- _Work instructions_
Write out the listing exactly, dropping any picture it contains.

- _Data extract_

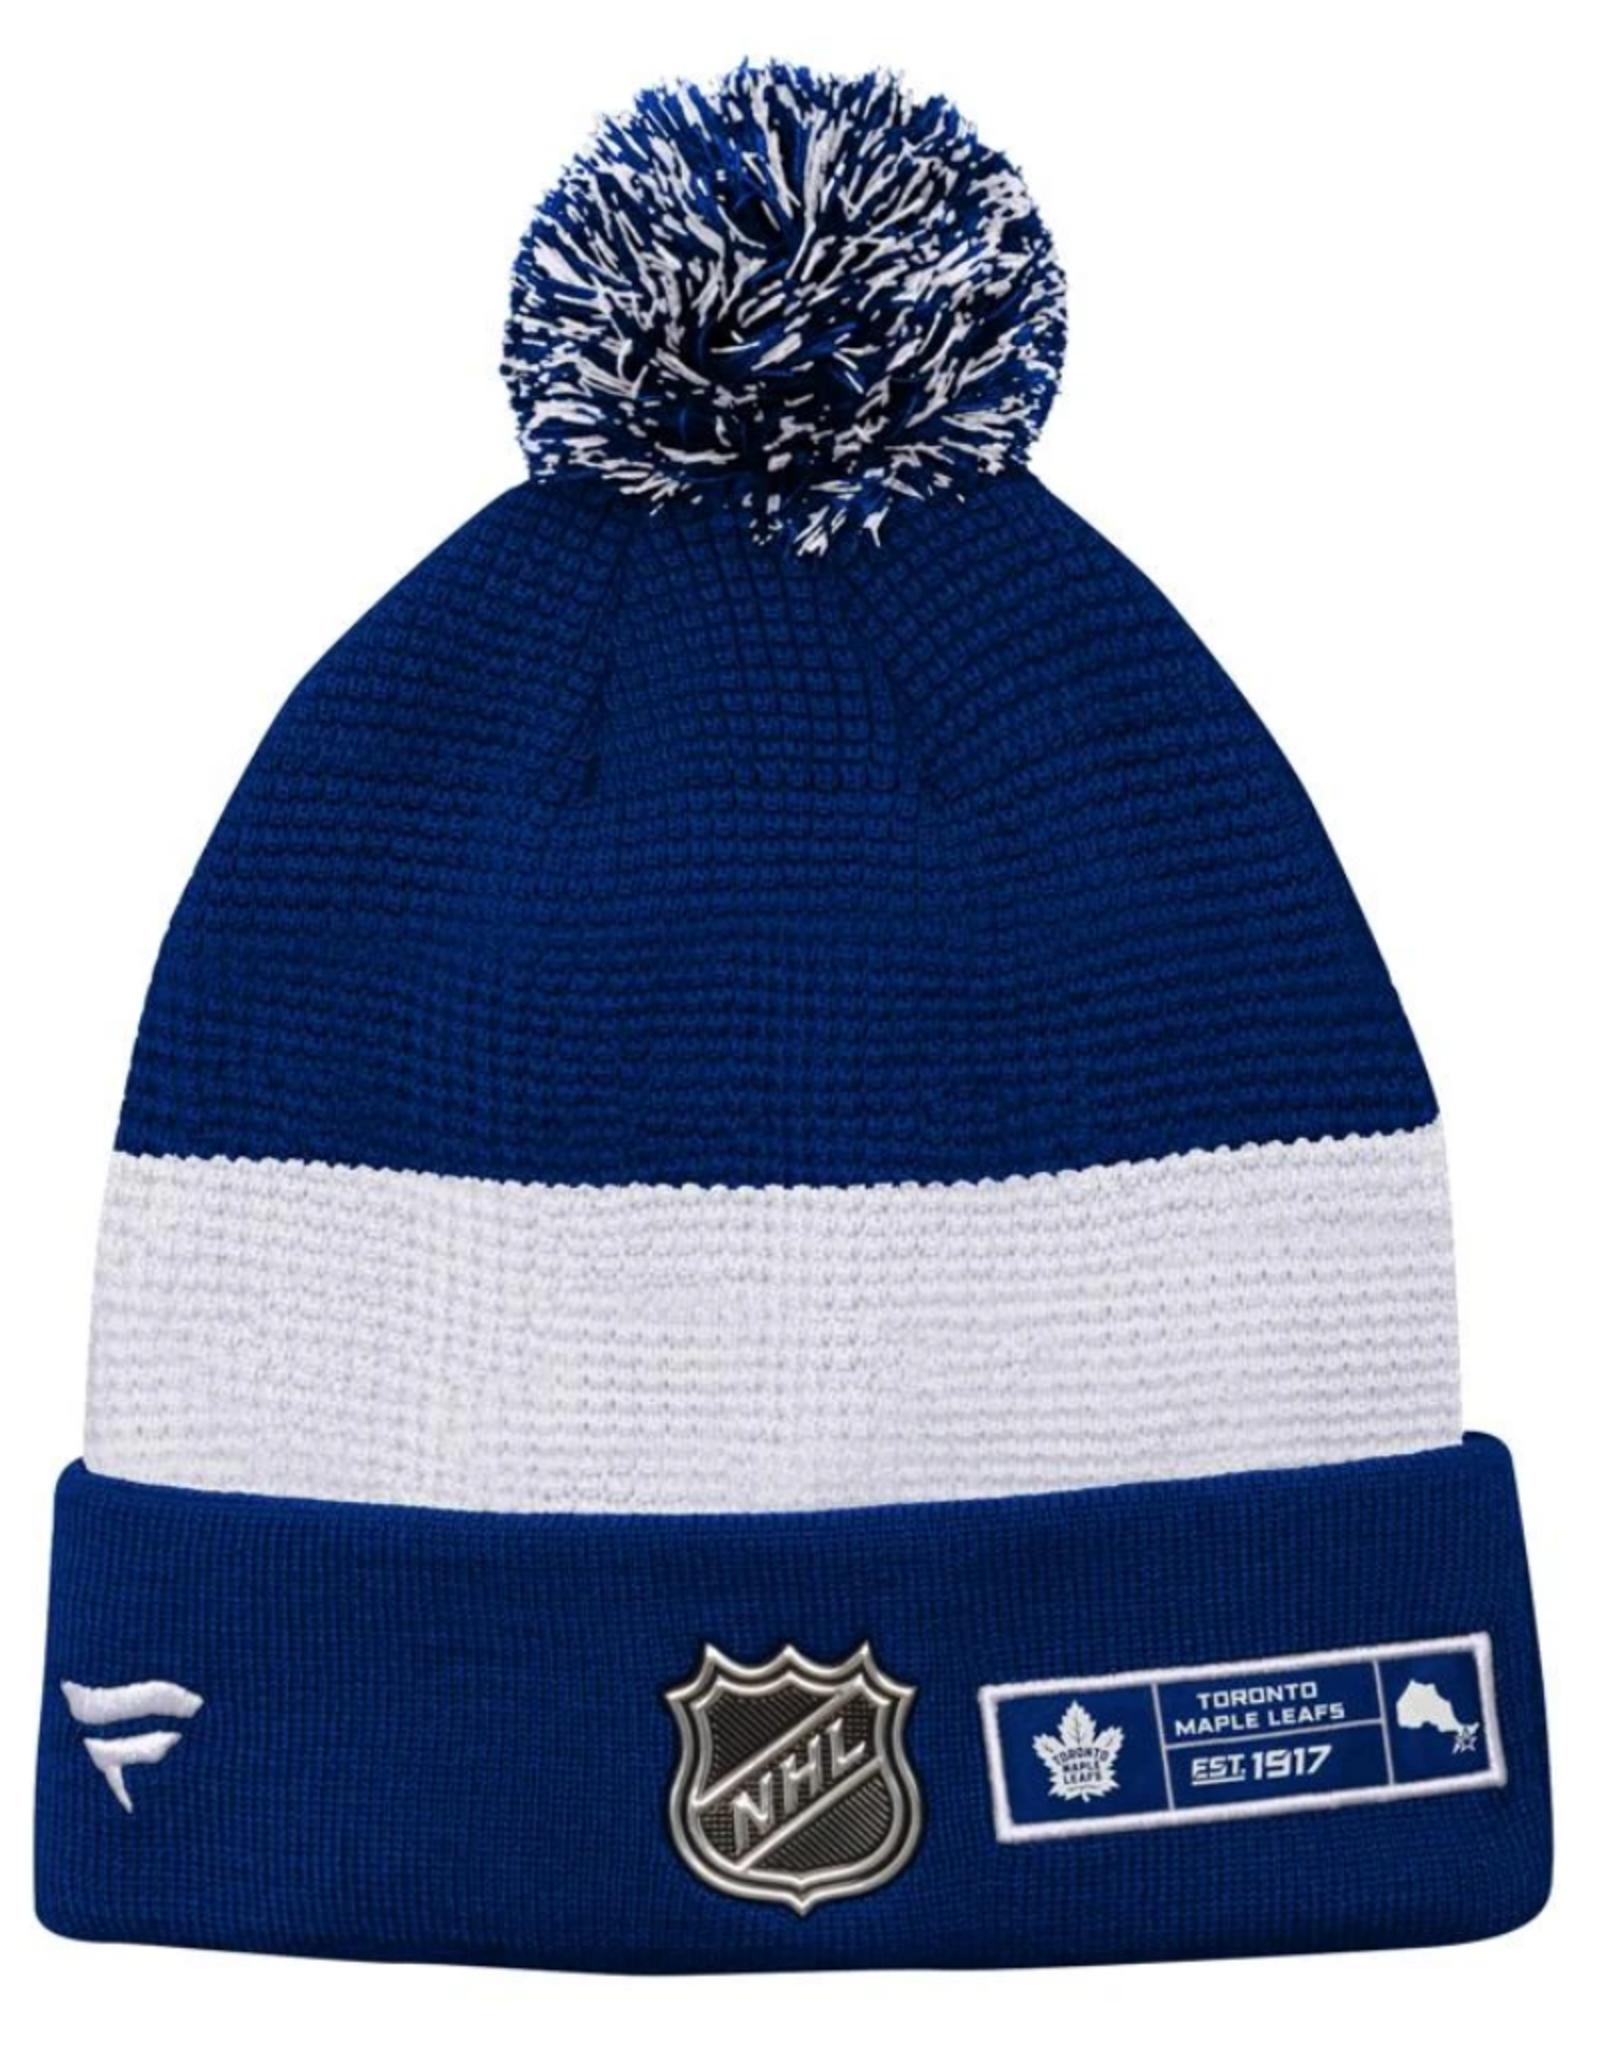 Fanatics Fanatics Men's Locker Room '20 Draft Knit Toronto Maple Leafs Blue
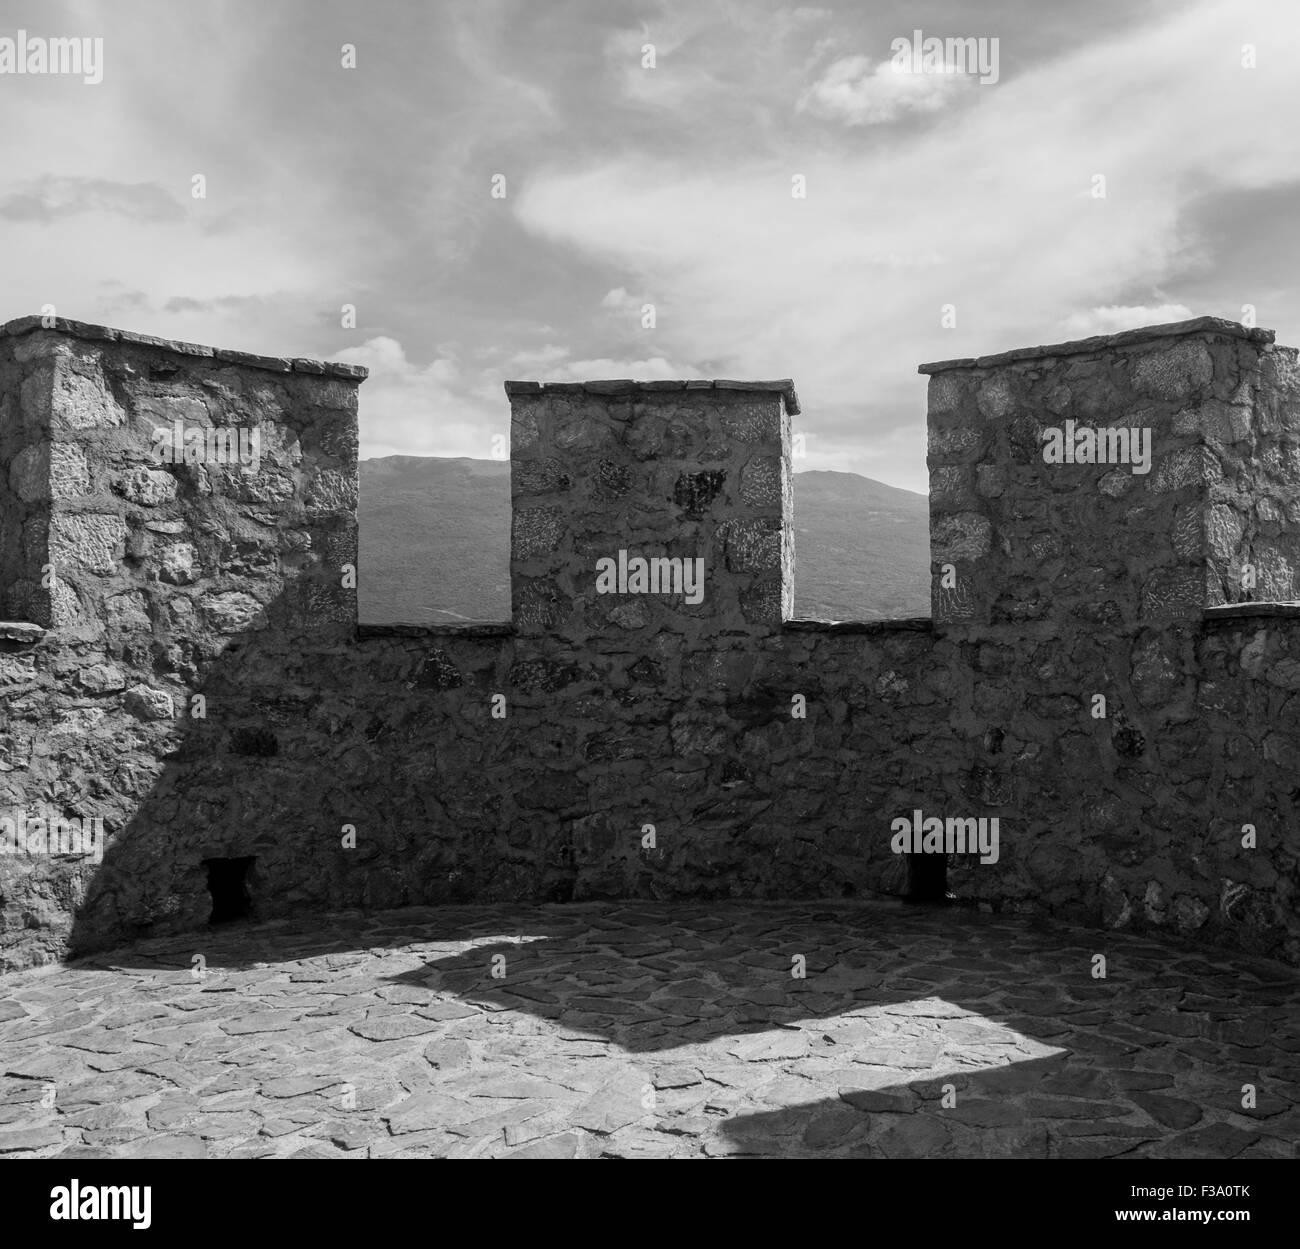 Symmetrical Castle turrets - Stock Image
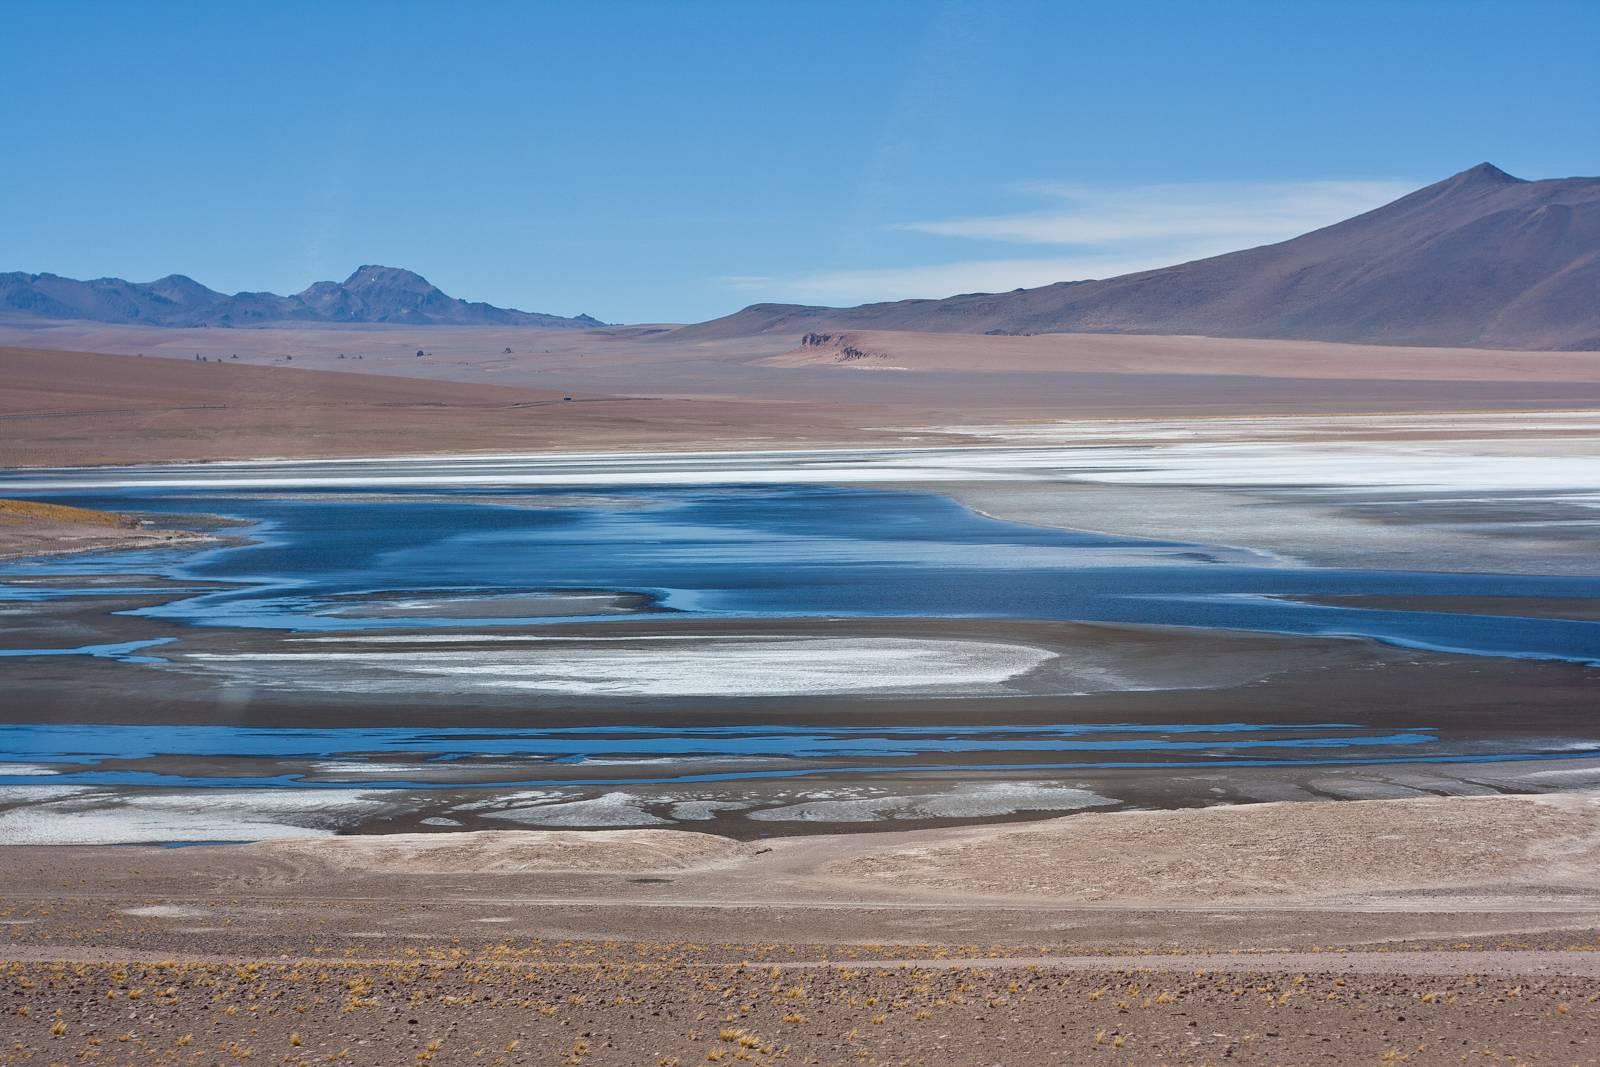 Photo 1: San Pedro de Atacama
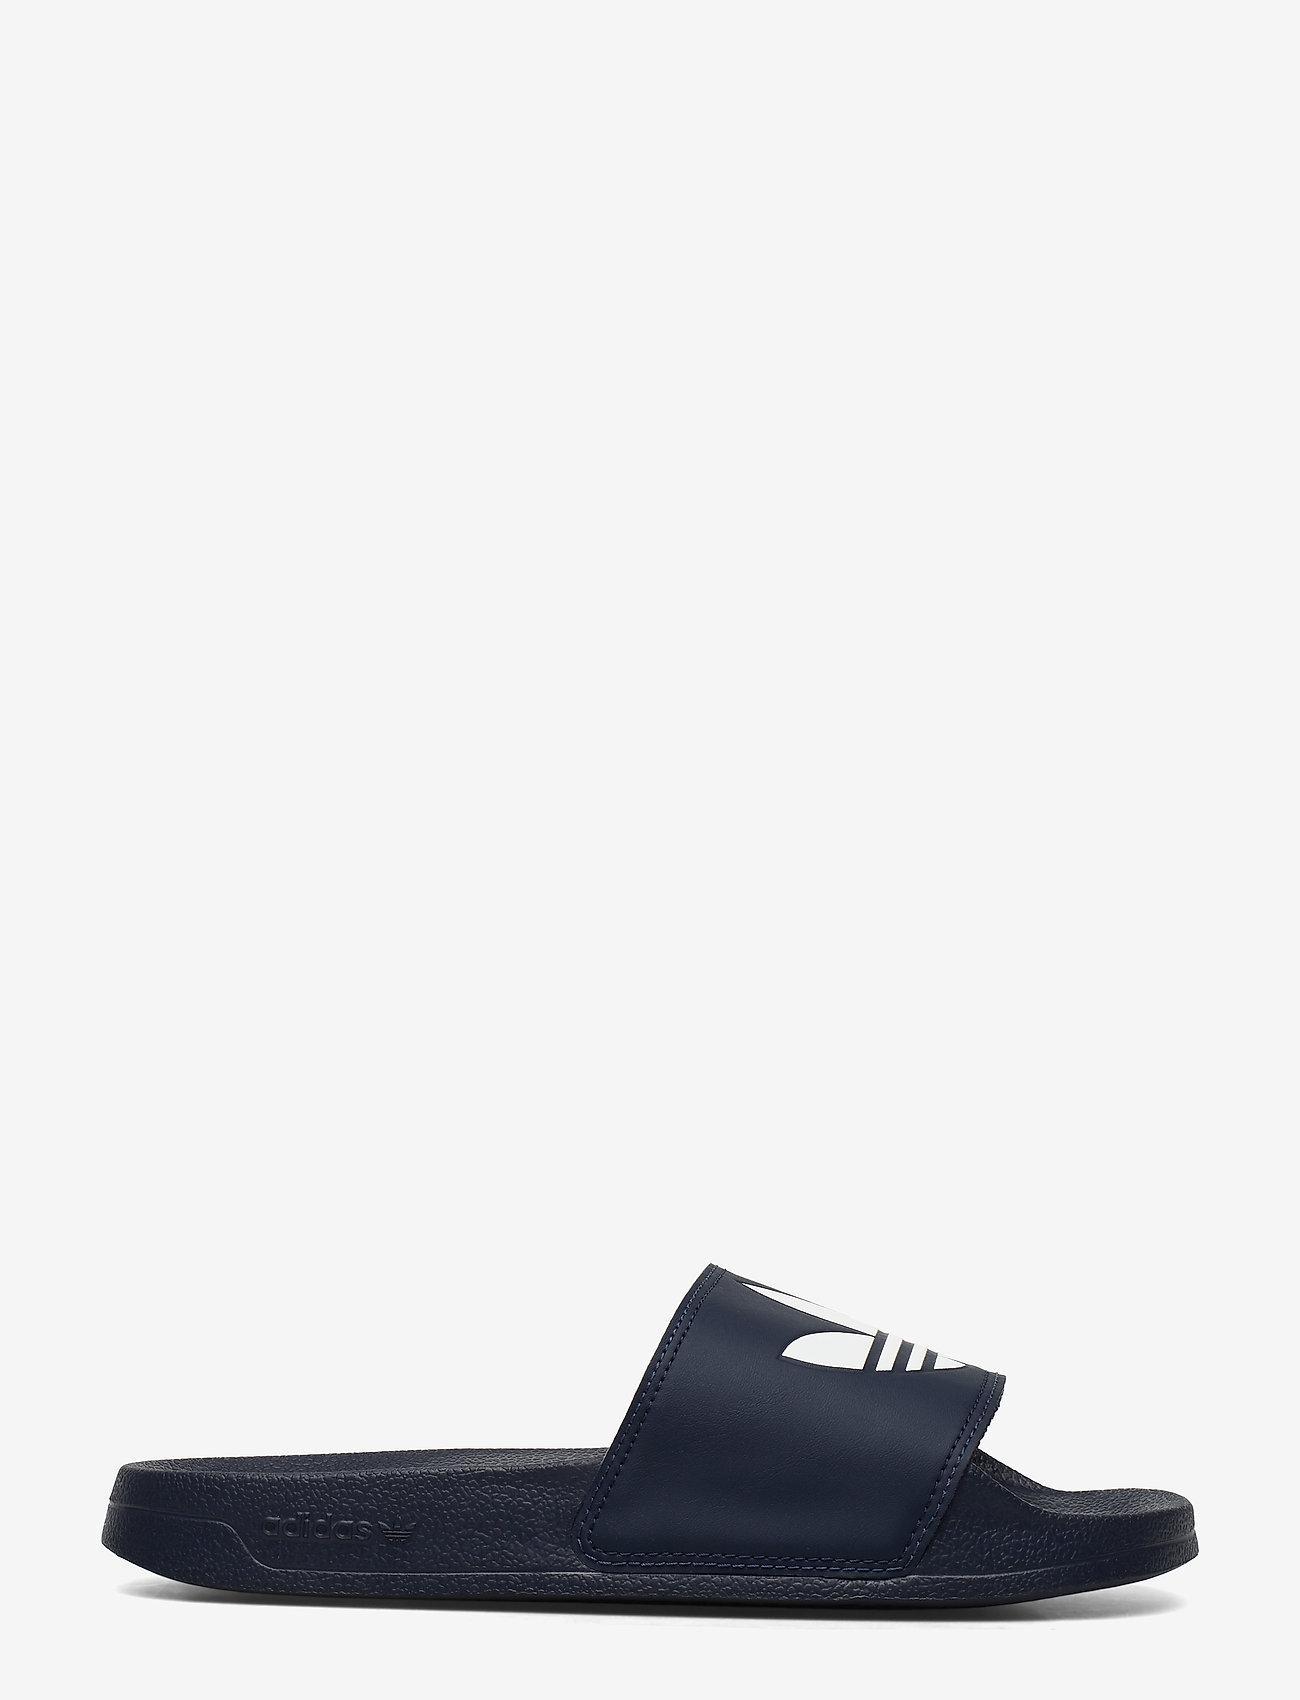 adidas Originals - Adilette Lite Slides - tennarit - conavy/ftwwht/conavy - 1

- _Solved exercise_
 Fanatics Fanatics Men's Locker Room '20 Draft Knit Toronto Maple Leafs Blue
 Symmetrical Castle turrets - Stock Image
 Photo 1: San Pedro de Atacama
 adidas Originals - Adilette Lite Slides - tennarit - conavy/ftwwht/conavy - 1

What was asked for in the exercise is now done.